Becoming CFO of Actis-backed life sciences real estate platform, Rx Propellant, has moved Sandhya Sama into a strategic and intellectually challenging role – a shift she welcomes with open arms. Here, Sandhya explains why being direct in communications is important if you want be heard and why being open to learning from a variety of different people can help you get on in life.
Why did you join Rx Propellant?
“I could see the role would offer far more than an average CFO position. Here, I have a very strategic role and I am involved in the decision-making about how we grow the organisation. It’s a unique business in that it’s the first life sciences real estate platform in India. That means we don’t have past performance record or specific market data to go by, so we can really make a mark in this space and gain first-mover advantage. As a team, we have a lot of energy and entrepreneurial spirit, as we feel we need to prove ourselves and the concept as a means to deliver value. It’s also a great opportunity for me to have this position based out of Hyderabad.
My role is intellectually challenging and solution oriented as opposed to a traditional bookkeeper. It’s great to be involved in areas such as fundraising, acquisition finance, M&A and business development as I feel I can add value. It’s quite different from previous roles where I have spent a lot of time in retail , manufacturing and agri industry., , but you have to work through these roles to learn the skills you need higher up in organisations.”
So how did you progress to this role?
“I started out as an auditor at PwC and EY accountancy firms – that’s a solid base for a career in finance and business. I then spent some time in an entity backed by Blackstone, and that exposed me to investor relations and helped me gain understanding of the wider business. There are only few multinational companies in Hyderabad, so working in private equity-backed companies is often a good place to learn about different business strategies, organisation building, sustainable processes and global financial reporting. In my past roles, as CFO and part of senior management, I was responsible for areas such as debt capital, structured funding, corporate governance, Board reporting, investor relations and helping management teams to understand the potential risk and return profiles of projects.
I have been fortunate enough to grow in all my roles, which is not necessarily a common experience for women in India.”
Why do you think you were able to make your voice be heard, then?
“I am a fact based speaker – I call a spade a spade. I feel it’s important to speak my mind, especially if I see that the risks involved in a course of action are material. I have always given my unbiased inputs to allow the decision-maker to take the decision based on information.
But I also think that the culture of an organisation is important in ensuring all voices are heard. At Rx, it feels as though you are given the opportunity to speak and that the team considers inputs objectively. It’s an organisation where you are given feedback and the rationale for such feedback. We’re a small team of 35 people, but it is largely balanced by gender. We operate an open door policy so that management signal to employees at all levels that they can talk about issues or ideas openly. The environment is one where views are exchanged and opinions valued. Actis has helped us build this – it’s a culture that encourages discussion and asks employees to be rigorous in arriving at their opinions so that decisions are based on facts and data.”
How important do you believe role models are in developing a career path?

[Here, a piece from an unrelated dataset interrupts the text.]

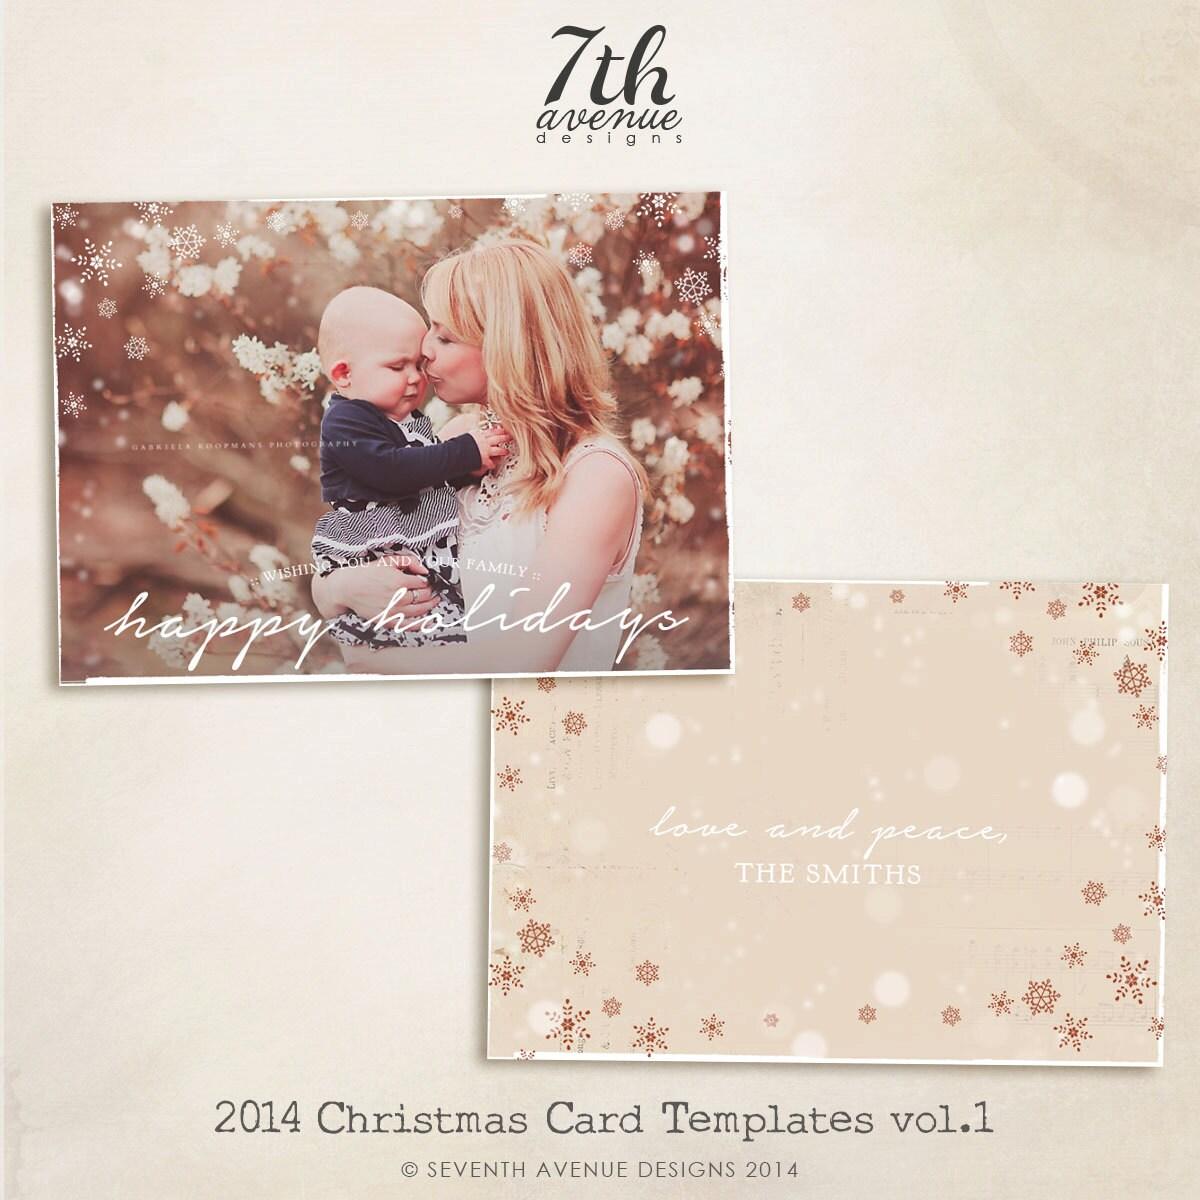 2014 Christmas Card Templates Vol.1 7x5 Inch Card Template
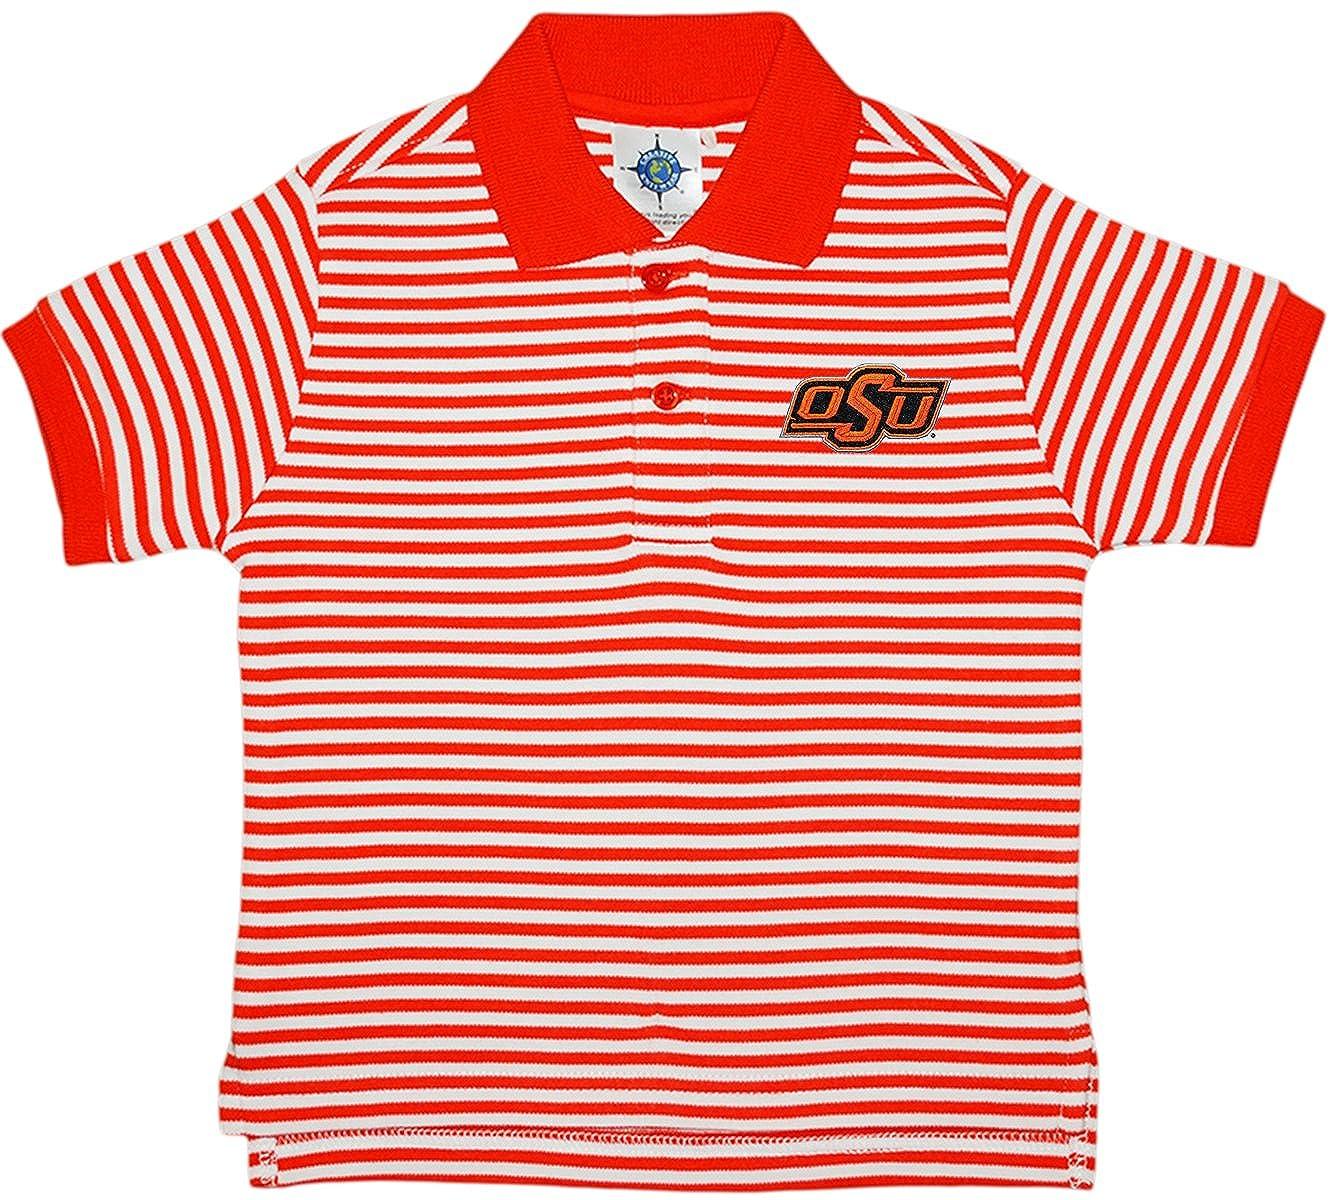 Creative Knitwear Oklahoma State University OSU Cowboys Striped Polo Shirt Orange/White 2T

“They are very important. You need positive influences to help steer you through. My mother has been one of my role models. She didn’t receive any formal education, but she is a great multi-tasker and quick to take responsibility for what she does. She is a strong believer in accountability. When I professionally qualified and was about to begin my career, she advised me to work competently without compromising values. I still hold to that and because of this people know what I stand for.
I have also had a couple of professional role models. One was my reporting manager in my first job as a chartered accountant at Lovelock & Lewes (which is now PwC). Even today, I admire the way she conducts herself in her job and continually sharpens her weapons of knowledge and understanding. She taught me the importance of spending time with more junior members of the team and ensuring they understand and have what they need to produce work to a good standard – that’s so important because when you become more senior, you are relying on their work for decision making. And finally, Managing Partner I worked earlier with is still my professional guru – I go to him when I need help with challenging decisions.”
What advice would you give to others looking to advance their careers in finance?
“Be open to learning from all those around you and don’t always assume you know better. I have found there is so much to be learned from a range of sources, including office helpers, junior team members as well as superiors. And when it comes to getting up to speed with technical knowledge, there are no shortcuts. It’s very tempting for younger professionals to search for information on the internet, but this needs to be backed up with solid and thorough understanding that you can only get by referring to books. There is no substitute for thorough technical knowledge and application of knowledge in relevant situations.
And finally, know what you can do and what you can deliver – you can’t take everything on and it’s never a good idea to over promise and then find you underdeliver.”